## Information shown

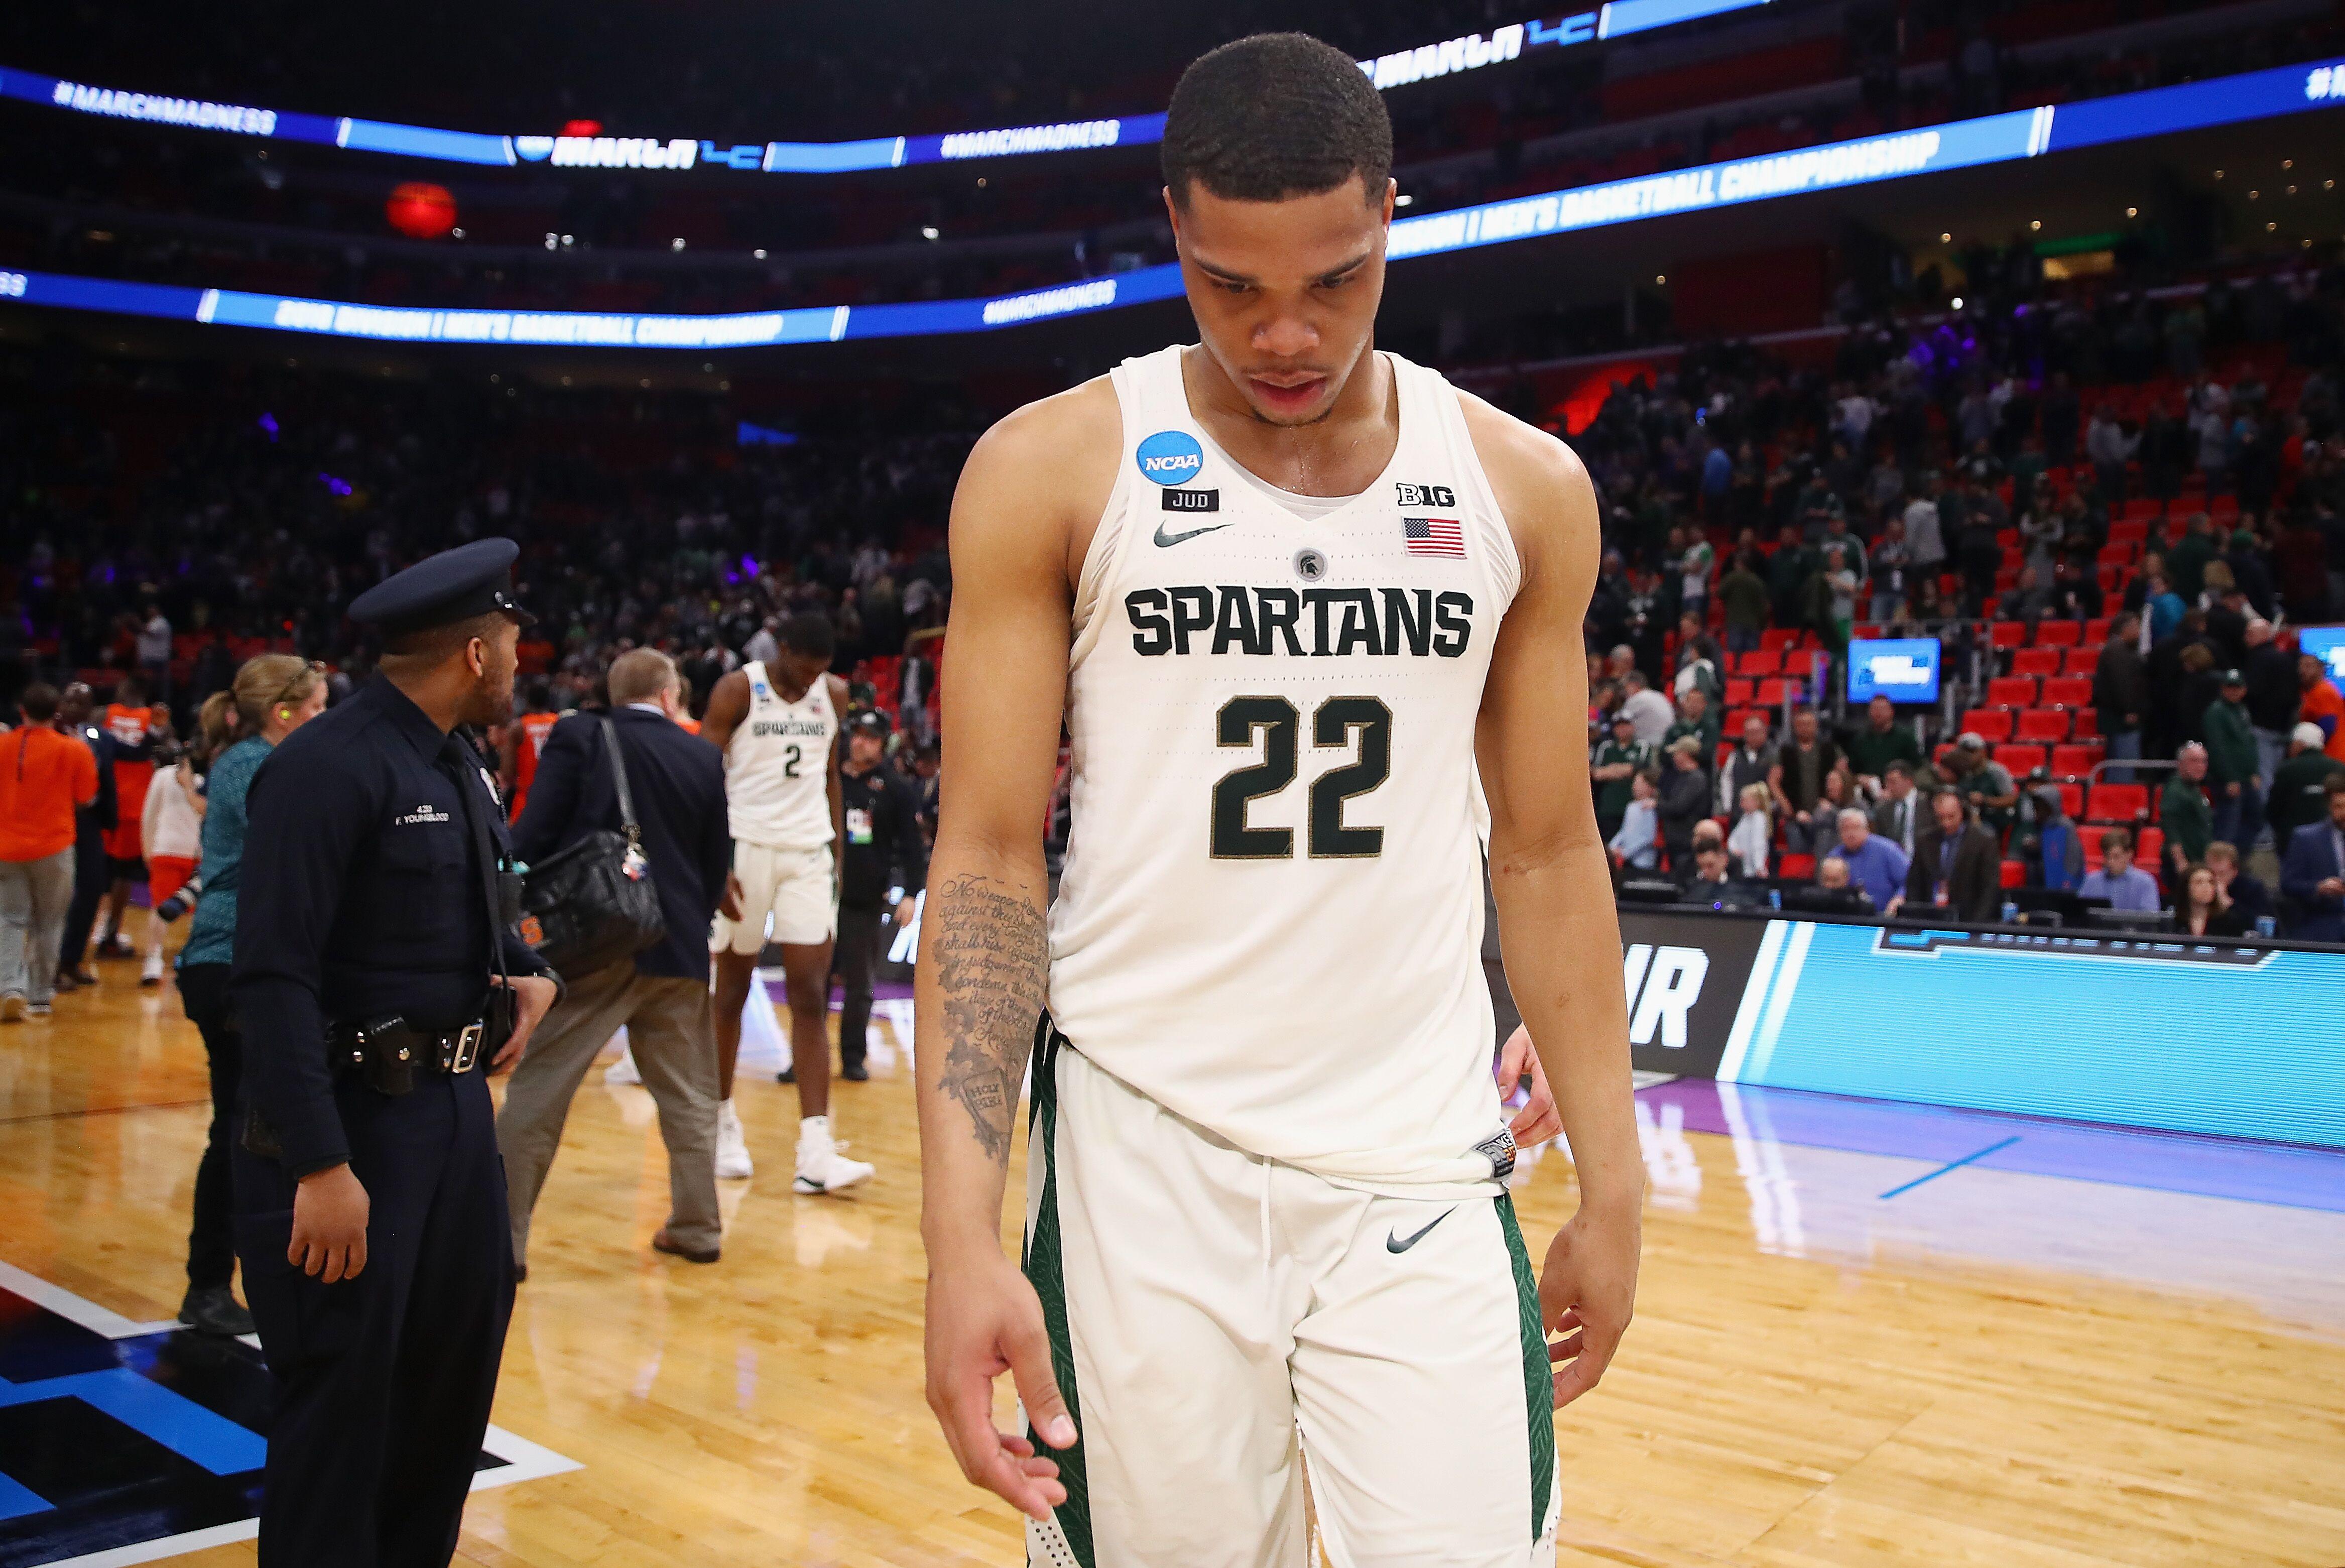 reputable site a8c13 2b45c Michigan State Basketball: Is a Miles Bridges return realistic?
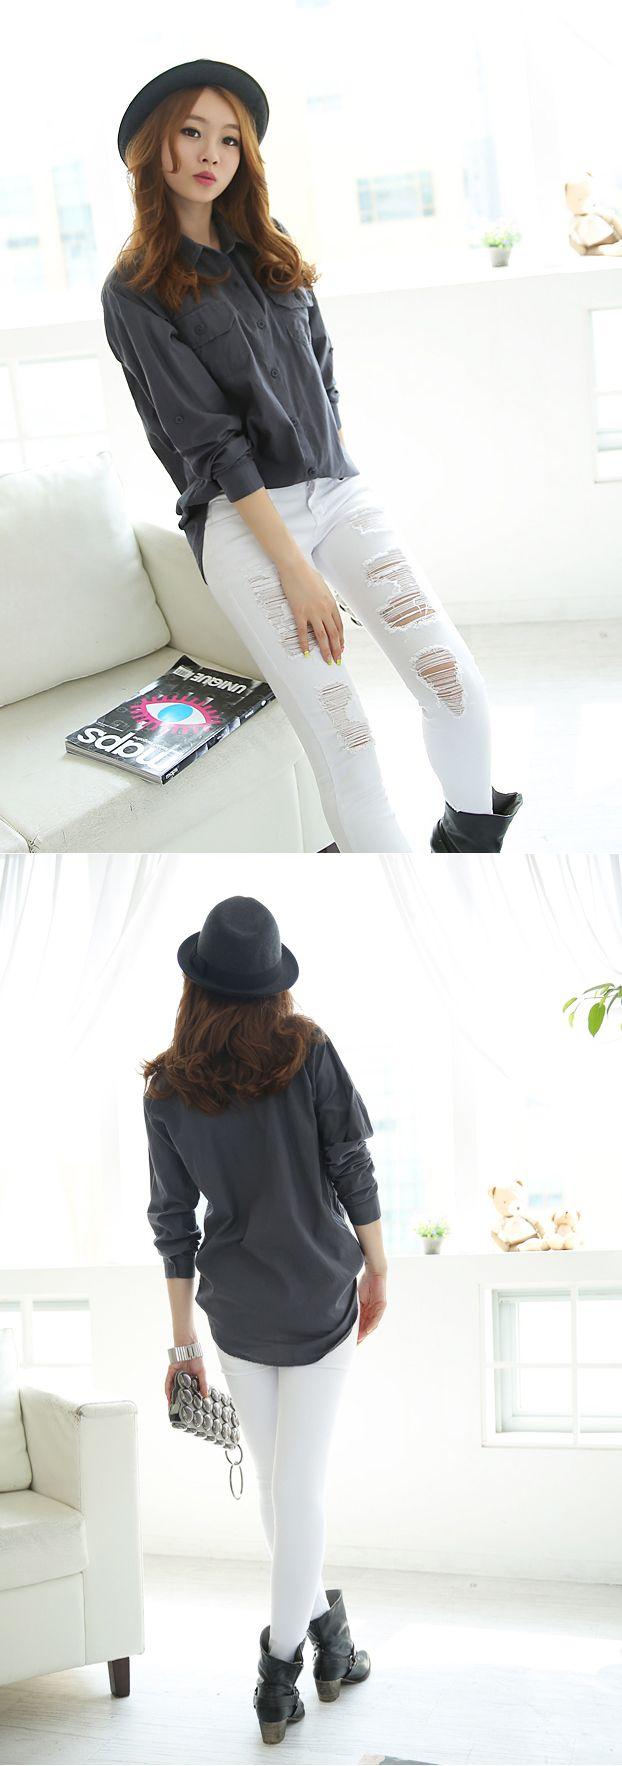 Black dress qoo10 - Qoo10 Singapore Grey Shirt White Distressed Pants With Fedora Fashion Style
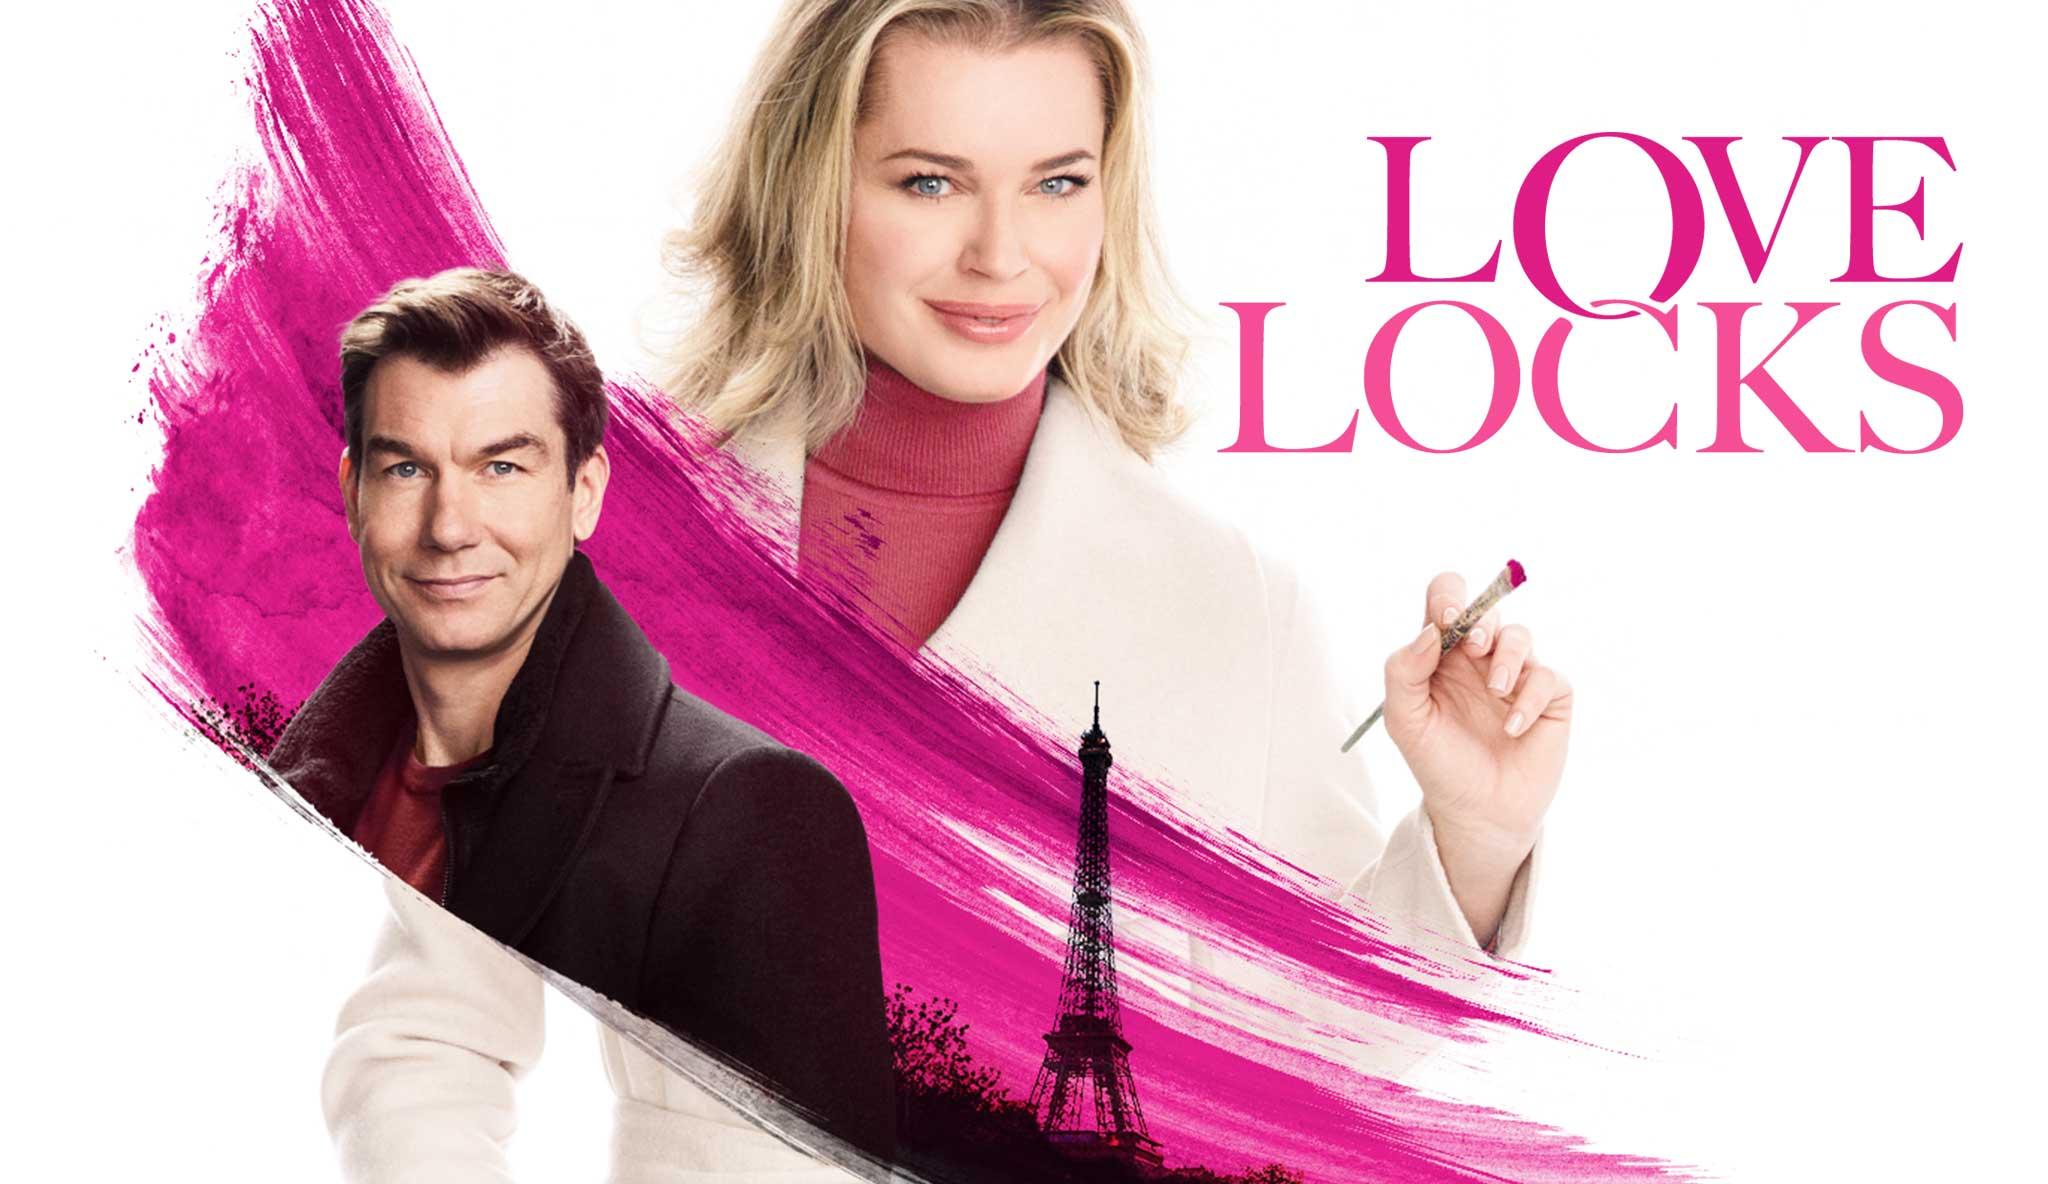 love-locks\header.jpg
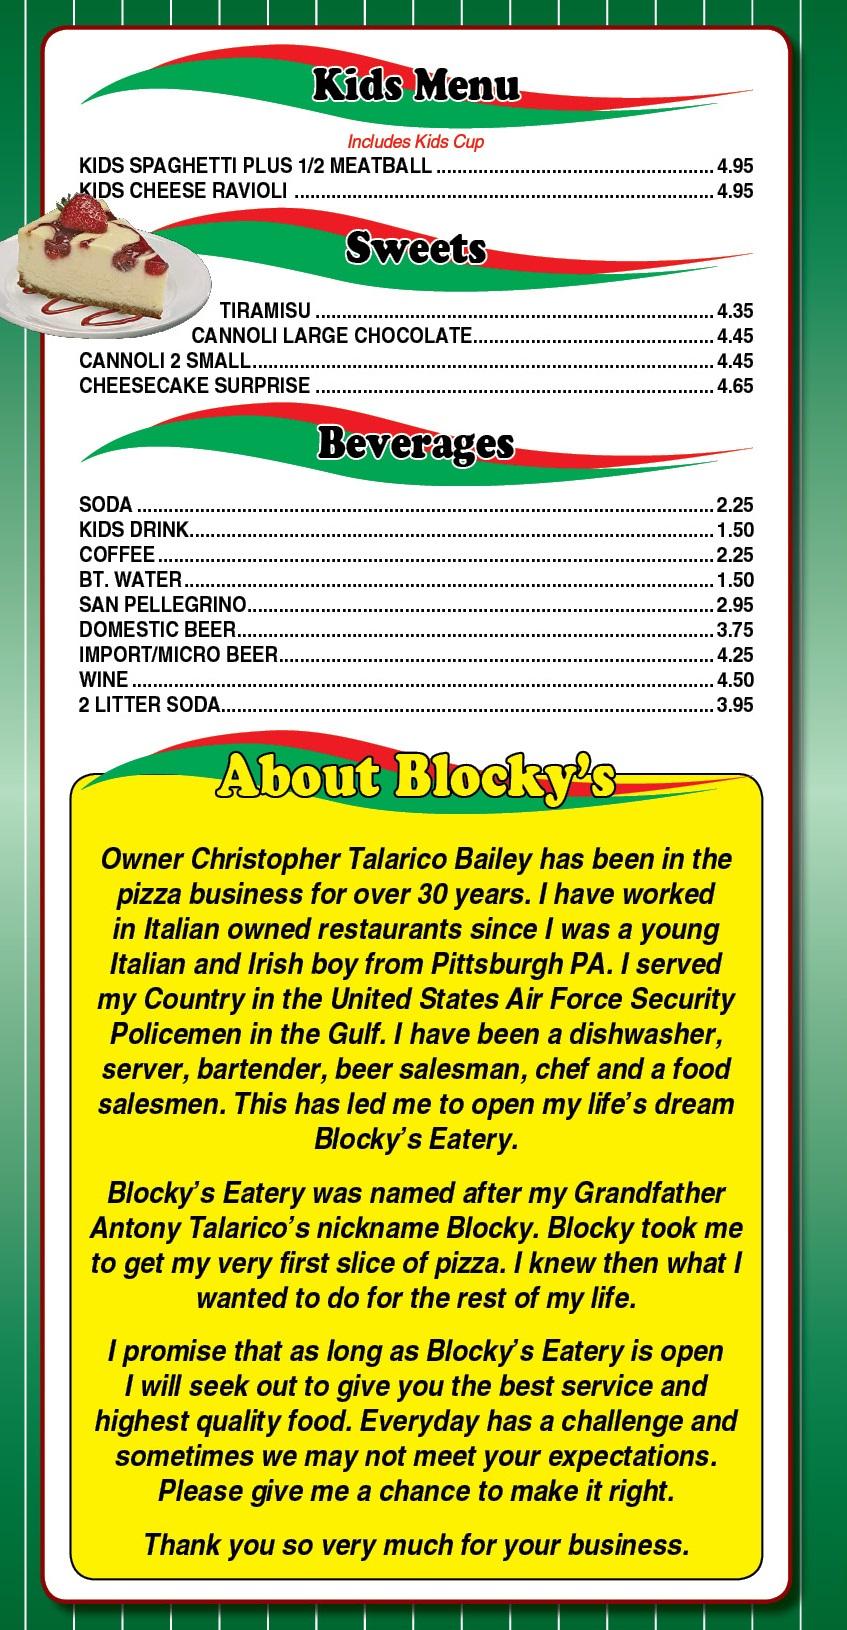 Blocky's Eatery menu4

## Assigned task
Drop the pictures, then write out only the lines running from the one containing "Black dress qoo10" through the last line above, both included, exactly.

## Completed exercise
 Black dress qoo10 - Qoo10 Singapore Grey Shirt White Distressed Pants With Fedora Fashion Style
 love-locks\header.jpg
 Blocky's Eatery menu4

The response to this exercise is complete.